### The data
------------

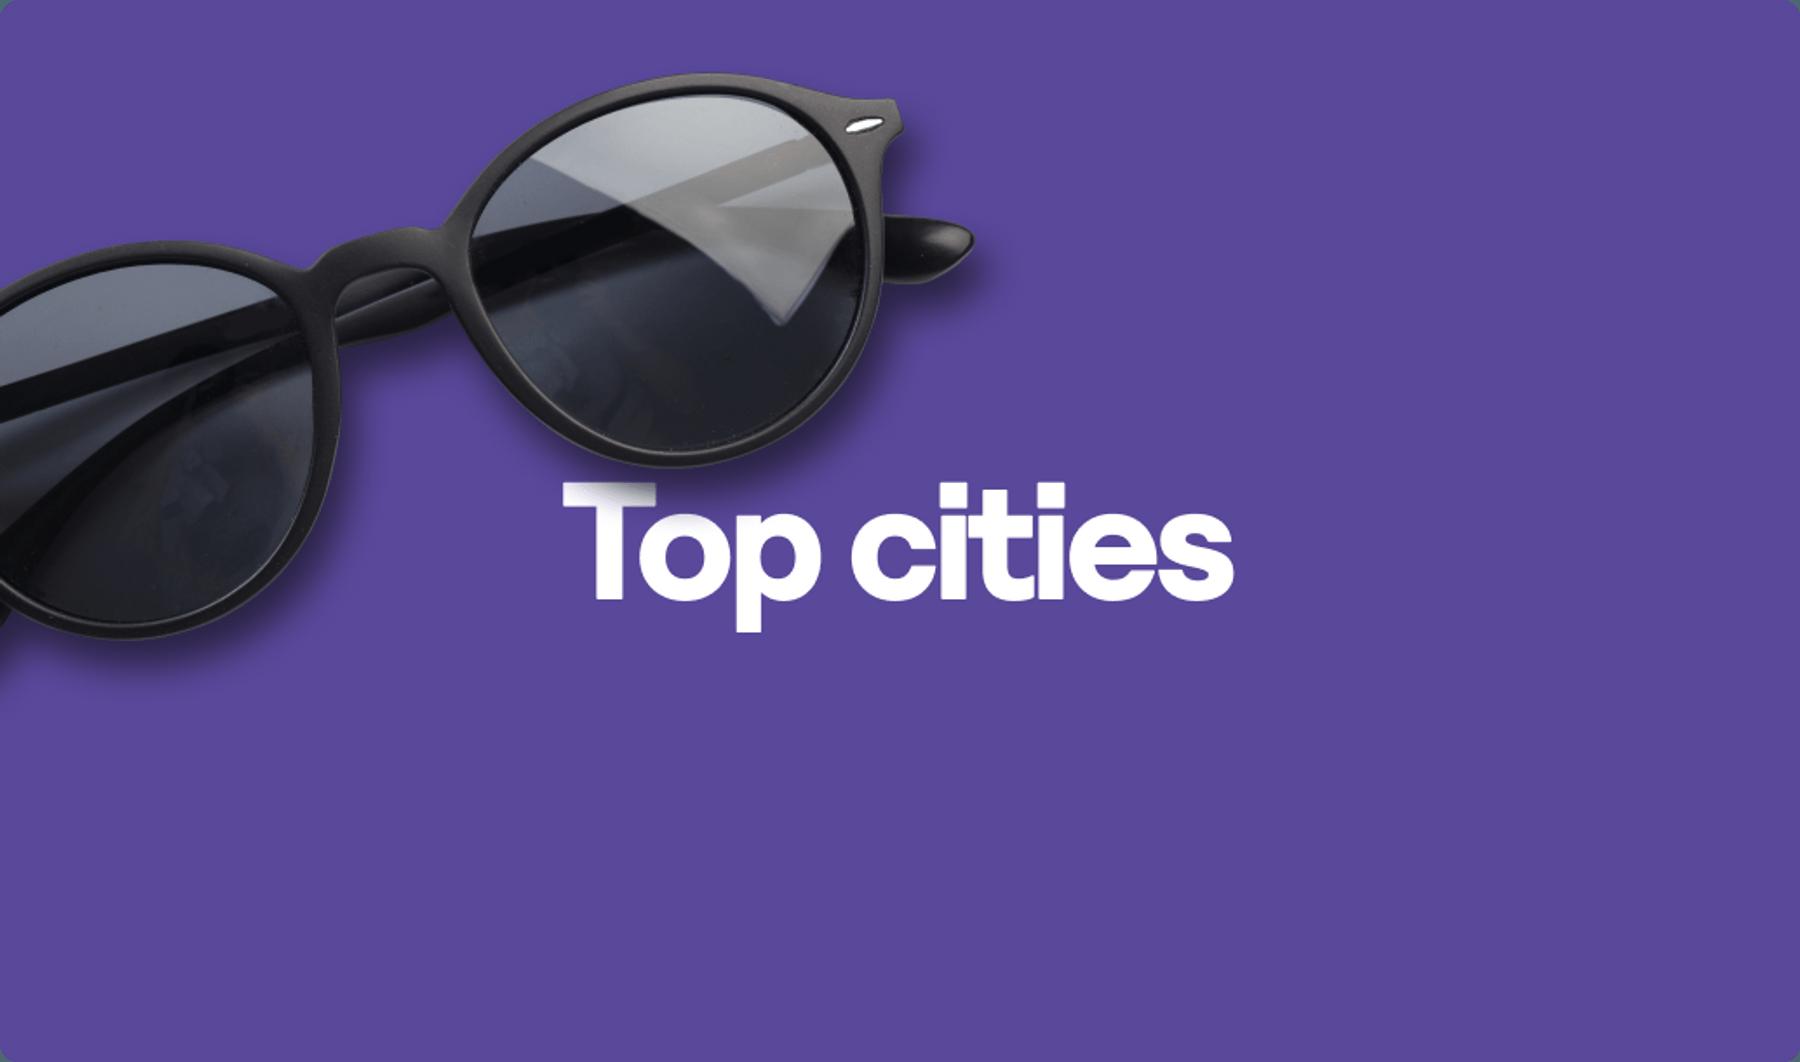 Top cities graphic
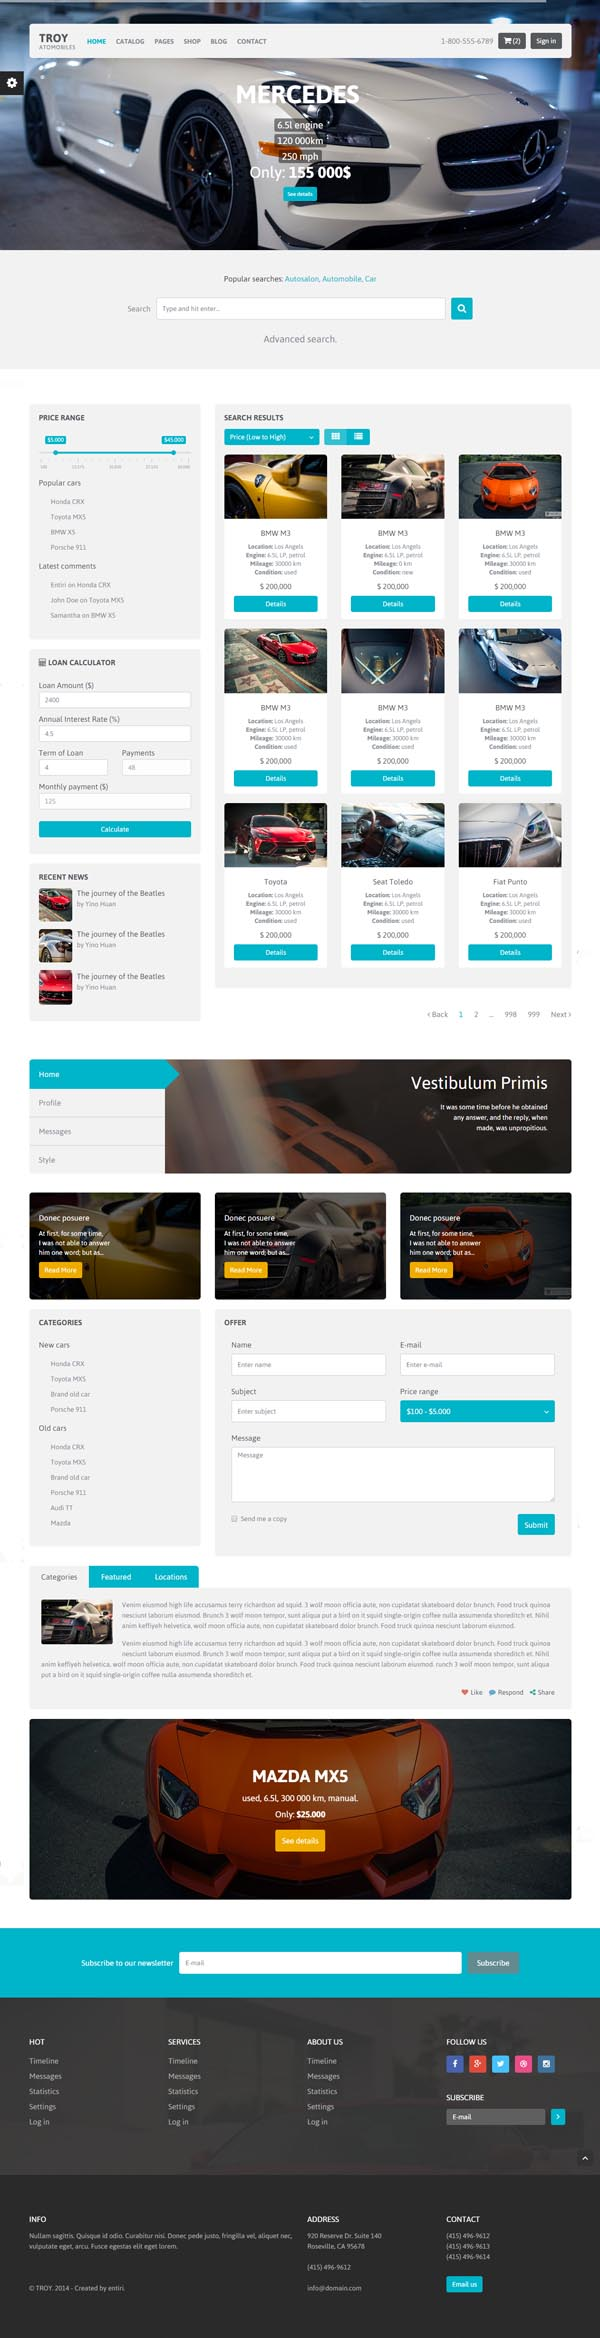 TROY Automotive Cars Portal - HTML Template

------------

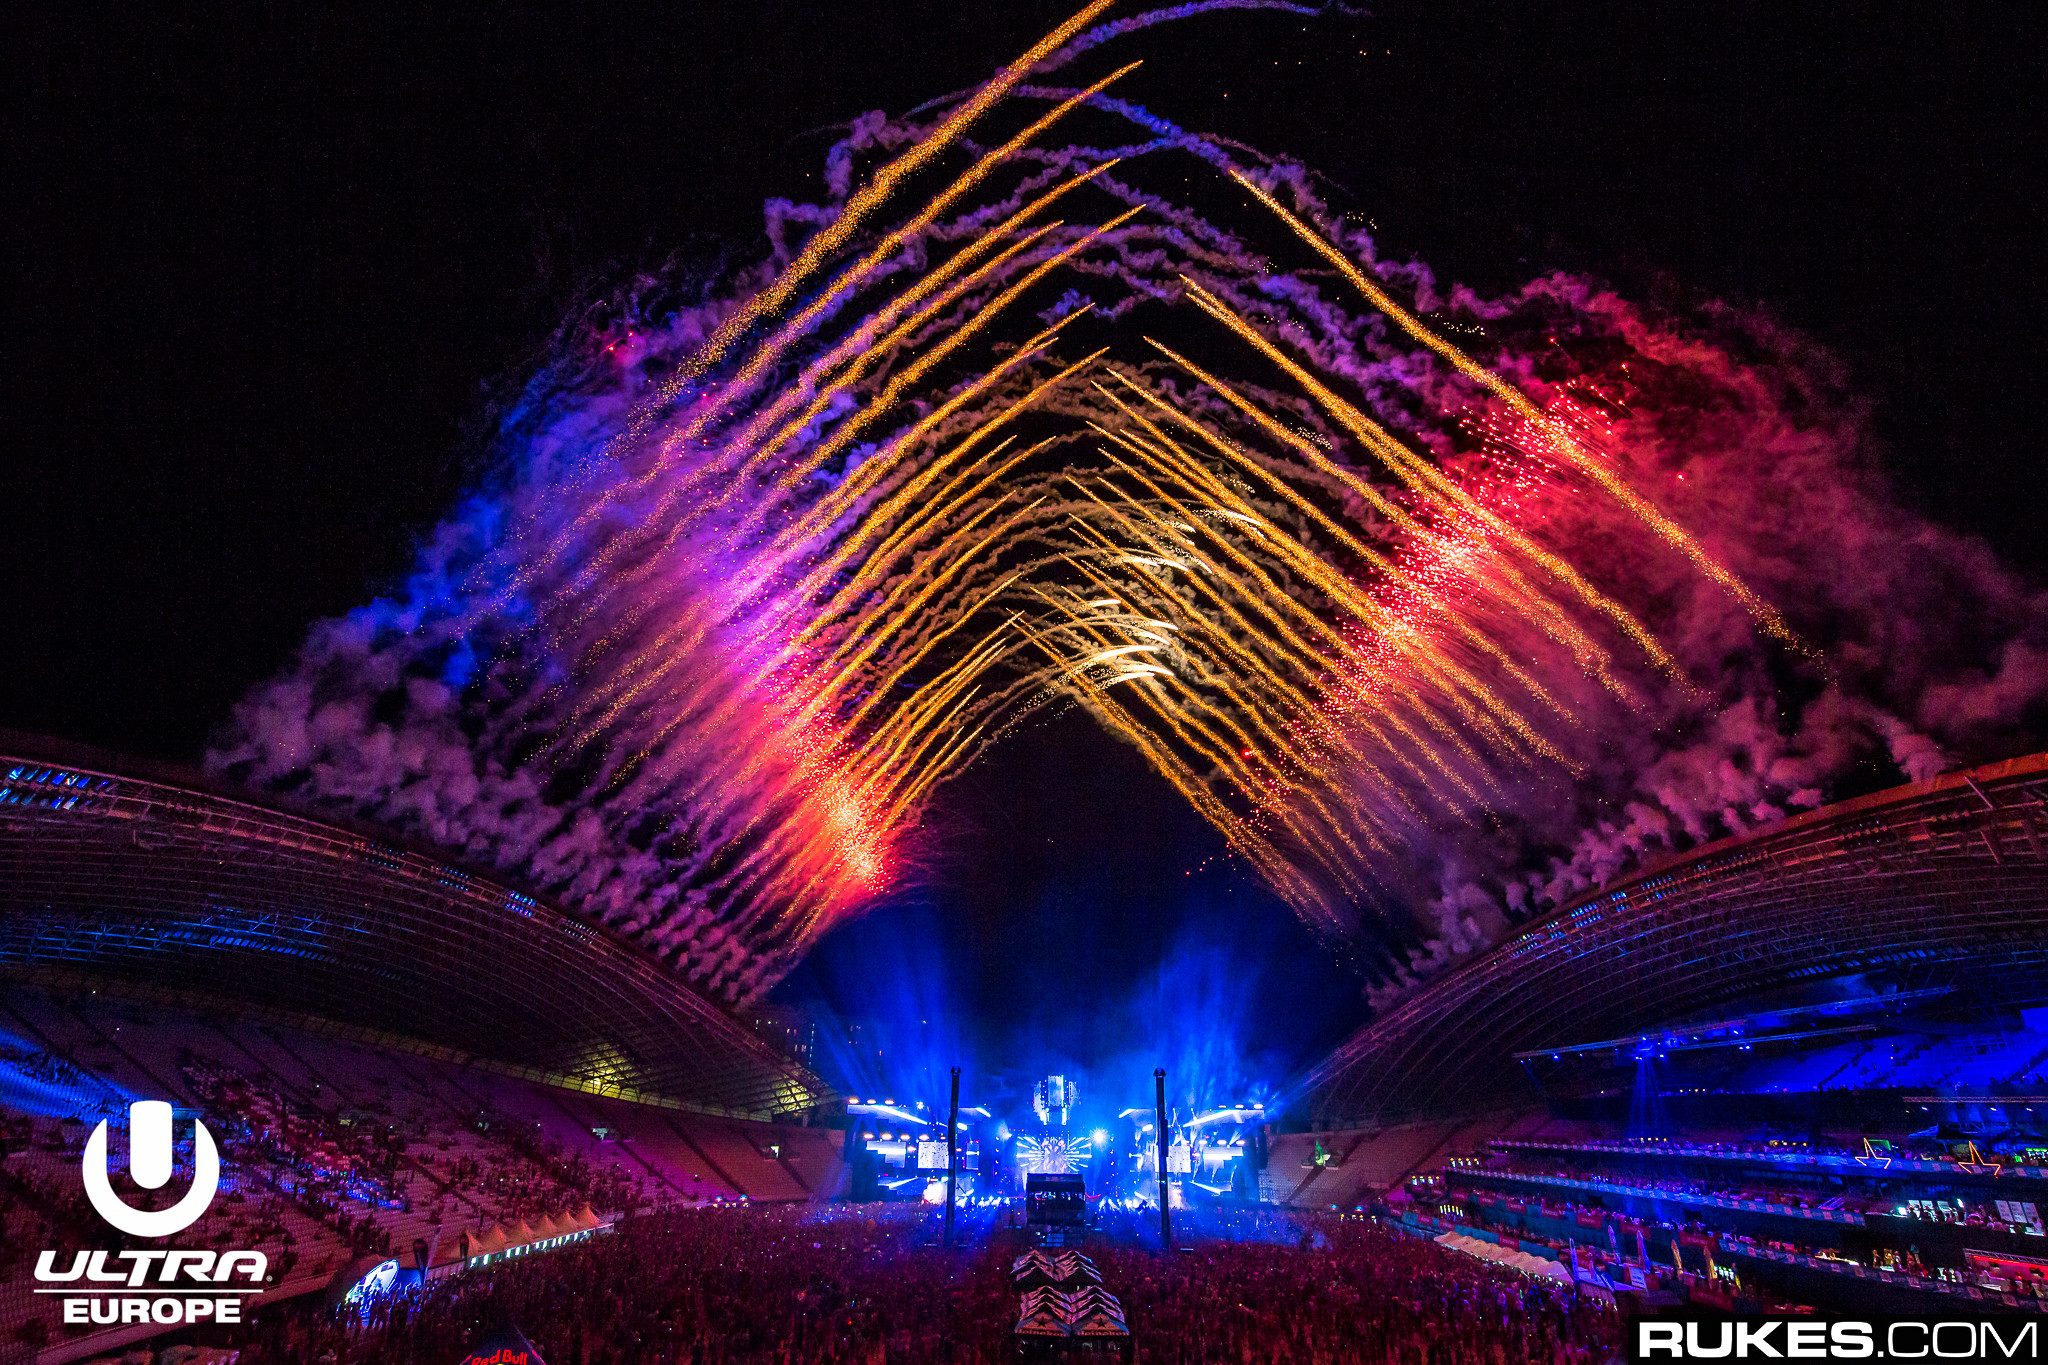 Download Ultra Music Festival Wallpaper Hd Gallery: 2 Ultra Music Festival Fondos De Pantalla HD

------------

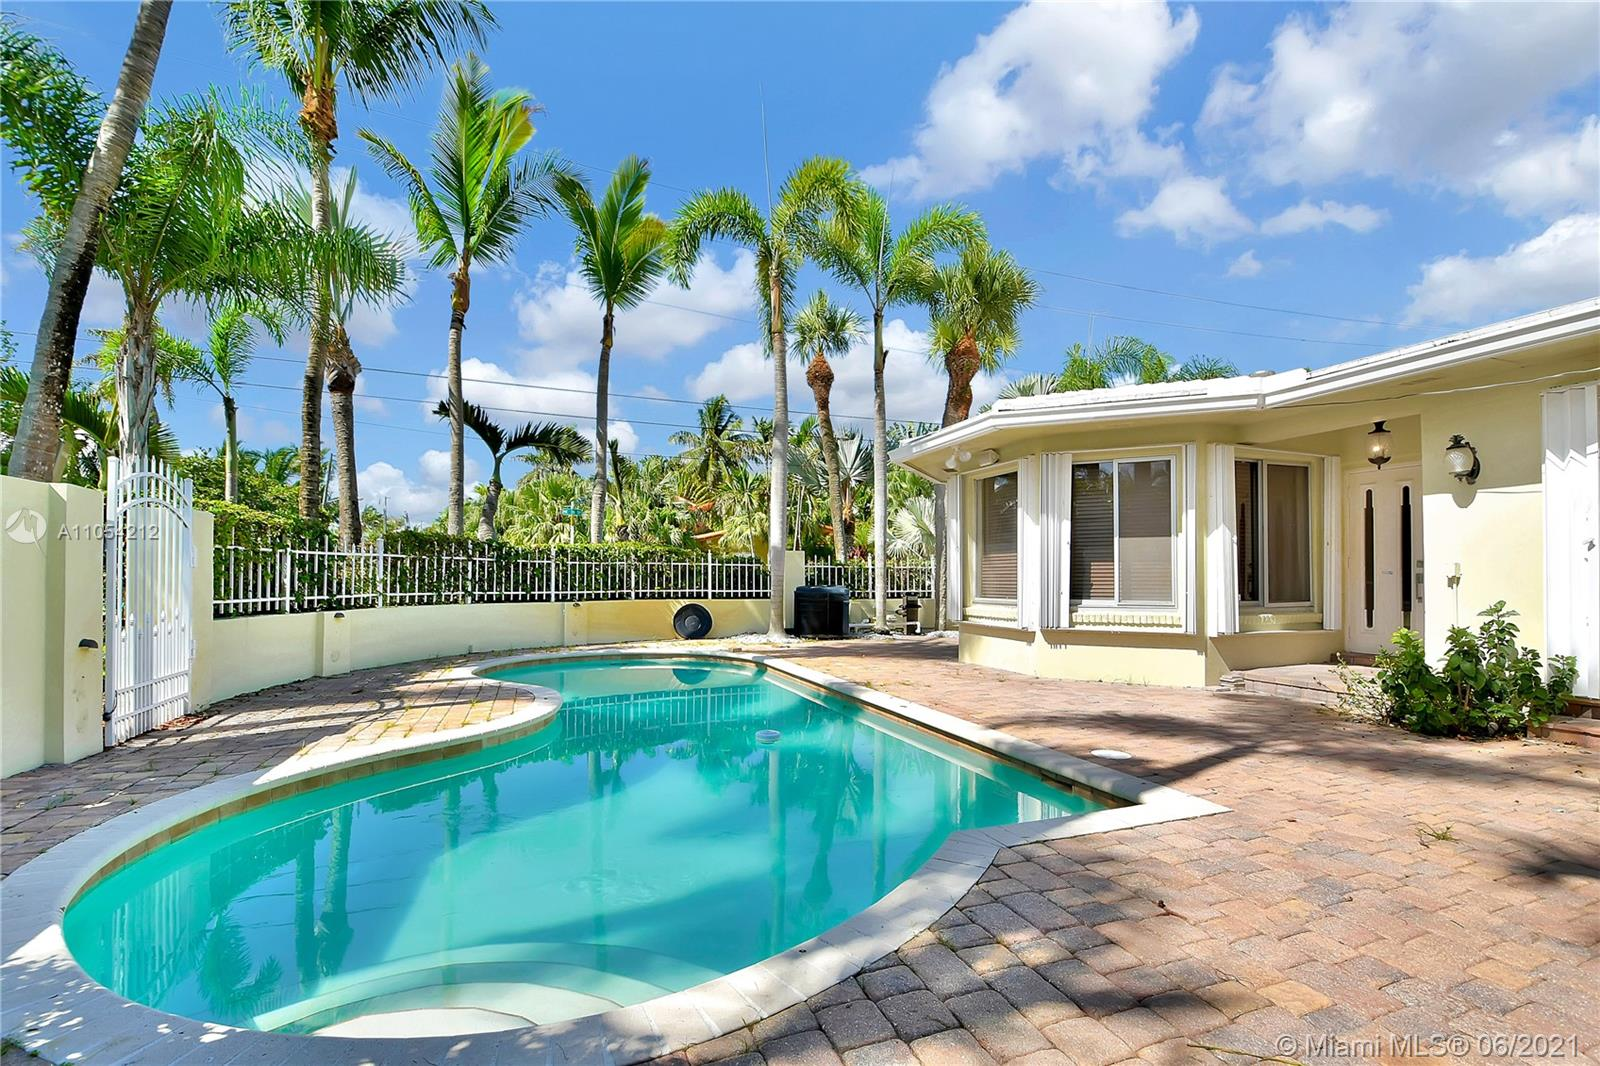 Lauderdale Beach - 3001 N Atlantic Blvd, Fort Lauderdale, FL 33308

------------

### Task to complete
In the listing above, find the line containing "Top cities graphic". Output it and every line after it up to and including the line containing "TROY Automotive Cars Portal - HTML Template", exactly, but skip the pictures.

### Answer for this exercise
 Top cities graphic
 TROY Automotive Cars Portal - HTML Template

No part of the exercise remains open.